「映画を早送りで観る人たち」から考えるプラモデルの薦め方
話題の本なので、読まれた方もおられるでしょう。
私も早送りすることが増えてきたと感じます。もともとは、映画に登場する船や飛行機の登場シーンを探す目的だったのですが、最近はとりあえず早送りするという映画やテレビ番組も増えてきました。
この本を読みながら、プラモデルをもっと幅広く楽しんでもらうにはどうすれば良いかを少し考えてみました
なぜプラモデルを楽しんで欲しいか
まず、そもそも
なぜプラモデルを楽しんで欲しいか
という問いに答えたいと思います。
新しい人が入ってきてお金を使ってくれたら、私の好きなあんな飛行機とかあんな船のもっと良いプラモデルが出たり、もっと良いツールがでてくるから
です。身も蓋もない意見なのですが、ほぼこれです。
ひょっとすると私よりも5歳くらい上の世代は違うのかもしれませんが、新しい世代が入ってきてくれなければ市場は縮小するであろうとロスジェネ世代の私は思っています。
映画を早送りする人にどうやってプラモデルを薦めるのか?
プラモデルは、まず覚悟を決めて道具を買って、〇〇という資料を閲覧して、試行錯誤を繰り返しながら、修行のような作業を繰り返し、高みを目指すもの
なんて言ったら、新しい世代は入ってこないのですよ。なぜなら、プラモデル以外にも楽しい事はいっぱいあるから。
また、こういう「覚悟を決めろ」的な意見をいう人に強く言いたいのは、
歴史的に見て、プラモデルは「ソリッドモデル(木を削って作る模型)に比べれば、形にするだけなら遥かに簡単」だから大衆化したのではないですか?
ポイントは4つ
・「大失敗しない」という「正解」を先に示す
・モデラーがチートであると錯覚させるようなキットを薦める
・オープンワールド的なプラモデルの楽しみ方を薦める
・評論や評価ではなく共感を書く(ライターやモデラーという「己」ではなくキットを紹介する)
「大失敗しない」という「正解」を先に示す
「失敗することを過度に恐れる」=「タイムパフォーマンスが悪い事を恐れる」という事を理解してあげれば、ある程度薦め方を考えられるのではないでしょうか?
つまり、3000円出して買ったプラモデルを無駄にするような「大失敗」はしたくないし、作った時間を無駄にしたくないんですね。
「大失敗」しない正攻法を示した上で、仮に正攻法でうまくいかなくても、できる限りのリカバリー法を伝えた上で、「それは失敗ではないですよ」と声をかけてあげる事ではないでしょうか。

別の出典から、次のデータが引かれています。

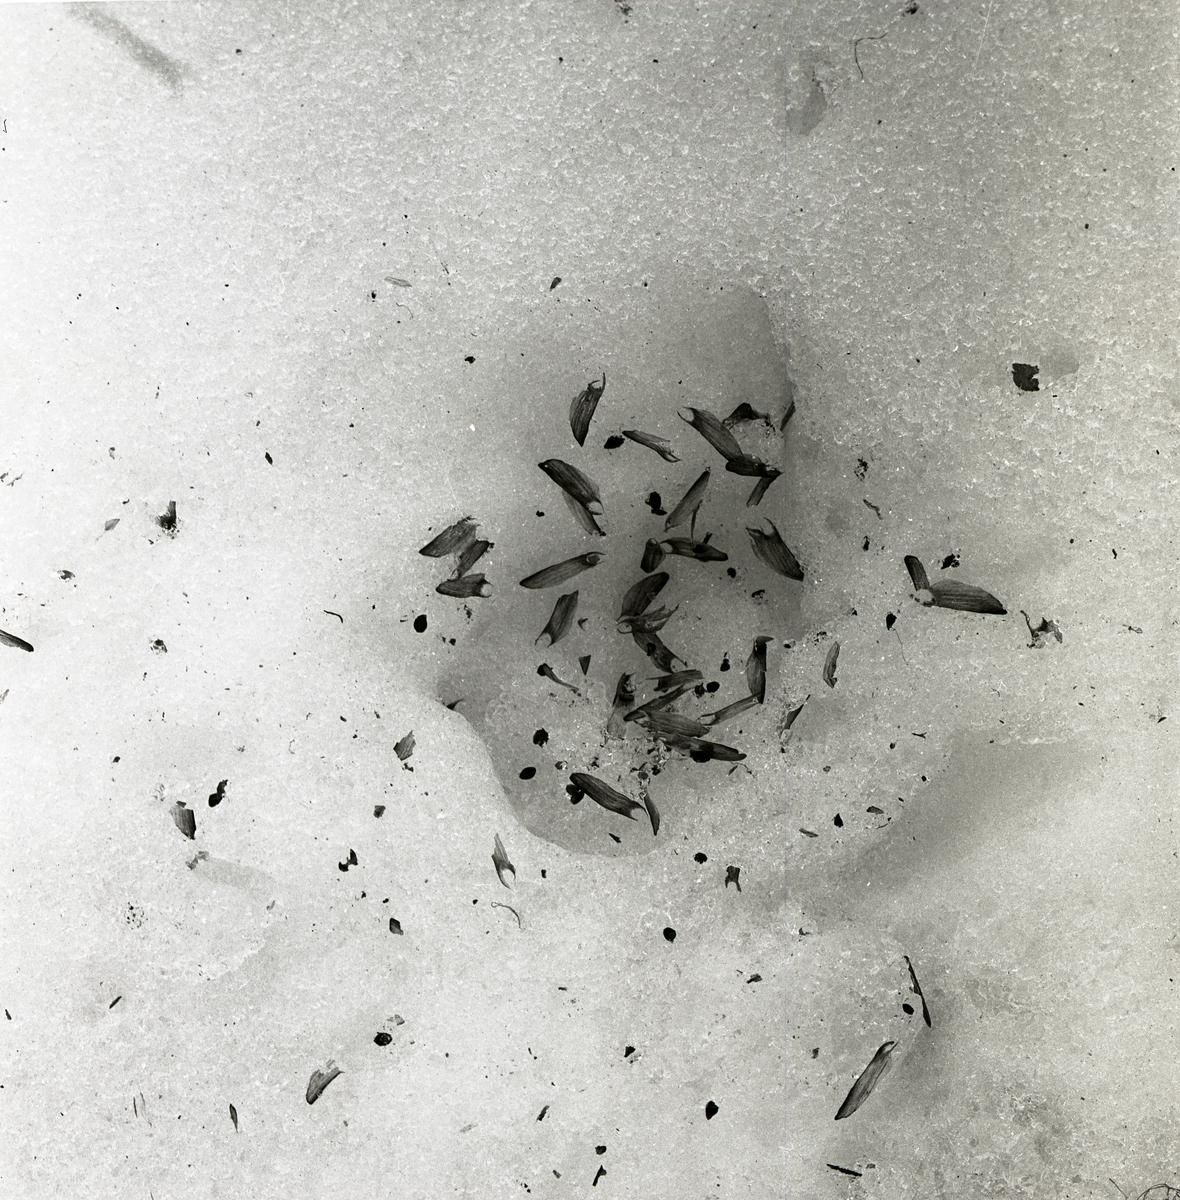 Kottskal ligger i en grop i snön, 1962.

プラモデルは工業製品であるがゆえに一定の均一性が担保されています。だからこそ、大失敗を避ける方法を伝えやすいんです。例えばタミヤの1/72 零戦二一型のプラモデルなら、私が手にしているプラモデルもあなたが手にしているプラモデルも同じですから、難所とかコツもおなじです。
更に「買ったプラモデルを無駄にする」のを避けるというなら、仮にパーツを破損したりデカールを貼りそこねてもパーツ請求が安価にできる国産のプラモデル、特にタミヤとバンダイを薦めてはいかがでしょうか?チェコ産のうん万円のプラモデルのクリアーパーツ割ったら私も寝込みますし。
モデラーがチートであるようなキットを薦める
「モデラーがチートであると錯覚させるようなキット」というのは、説明書通りに組み立てる時にモデラーに高度な技術を要求しないものです。
ファイナルファンタジーで言えば、ファイア、ファイラ、ファイガと覚えてやっとプラモという敵と戦えるというものではなく、いきなりファイガを覚えた状態だと錯覚させるようなキットですね。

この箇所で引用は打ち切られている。